WITH    text storage: 1055 KB / sec
WITHOUT text storage: 4948 KB / sec

FTS without text storage performed almost 5 (five!) times faster than with text 
storage (running WinXP on a fairly recent system with a 5200 rotations per sec 
hard drive).

The testing scenario: There were no changes to the code except that I commented 
out the text bindings as described in my earlier message. The same documents 
were indexed (10739 files, 239959 KB size in total). Insertion took place in a 
single transaction, SYNCHRONOUS = OFF was used as the only tweak to the 
database. I ran all tests multiple times consecutively on an empty database to 
avoid OS file buffering interferences.

>>Snippets are of course nice to have out of the box as it is right now. But
>>even without storing the original text, snippets could be created by
>>
>>1. supplying the text through other means (additional parameter or
>>callback function), so that not FTS but the application would read
>>it from a disk file or decompress it from a database field.
>>
>>2. constructing token-only snippets from the document tokens and
>>offsets. This would of course exclude all non-word characters, but
>>would still return legible information.
>
>A use-case that was considered was indexing PDF data, in which case
>the per-document tokenization cost would probably be a couple seconds.
>If you ran a query which matched a couple thousand documents and
>proceeded to re-tokenize them for snippet generation, you'd be in deep
>trouble.  This is somewhat addressable by providing scoring mechanisms
>and using subselects (basically, have the subselect order by score,
>then cap the number of results, and have the main select ask for
>snippets).  A variant on that would be an index of a CD.  In that case
>it's pretty much essential that the index be able to efficiently
>answer questions without having to seek all over the disk.

Quite true.  But is this indeed a realistic scenario? It sounds a bit like the 
"select * from my-million-row-table" problem.
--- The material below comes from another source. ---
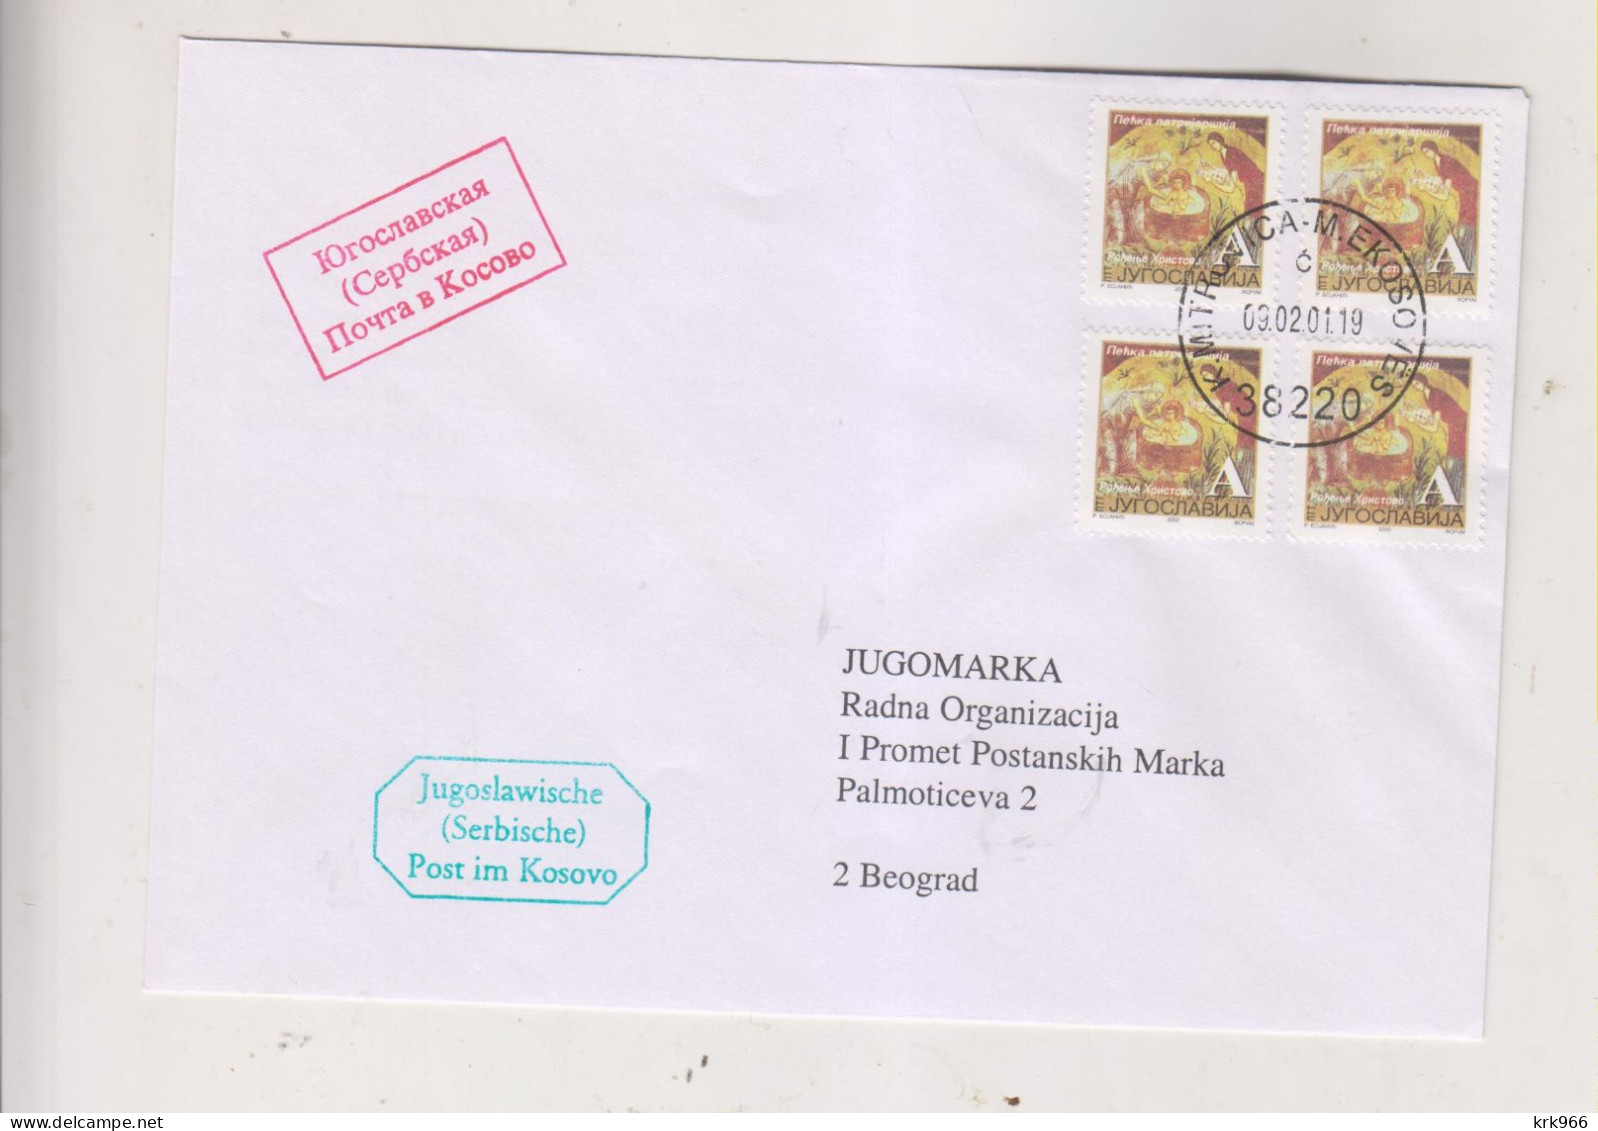 YUGOSLAVIA,2001 KOSOVO KOSOVSKA MITROVICA SERBIAN POST Nice Cover - Briefe U. Dokumente

Nothing wrong with this per se, 
but be aware of the consequences.

>Option 2 has some attraction, though, because you have the option of
>transparently segmenting the document into blocks and thus not having
>to re-tokenize the entire document to generate snippets.

Thanks!

>>>Being able to have an index without storing the original data was a
>>>weak goal when fts1 was being developed, but every time we visitted
>>>it, we found that the negatives of that approach were substantial
>>>enough to discourage us for a time.  [The "we" in that sentence means
>>>"me and the various people I run wacky ideas past."]  I'm keeping an
>>>eye out for interesting implementation strategies and the time to
>>>explore them, though.
>>
>>Maybe my arguments could influence the opinion of "we"? I would love
>>to see FTS without text storage, especially since I just lost a project to
>>another FTS product because duplicating data was unfortunately "out
>>of disk space".
>
>Feel free to drop me a description of the types of things you're doing
>out-of-band, maybe something will gel.  No promises!  Most of the
>current use-cases are pretty clear - since the data is already going
>to be in the database, letting fts2 store it is no big deal.  I can
>imagine pretty broad classes of problems which could come up when
>indexing data which is not in the database, so one of the challanges
>is to narrow down which problems are real, and which are figments.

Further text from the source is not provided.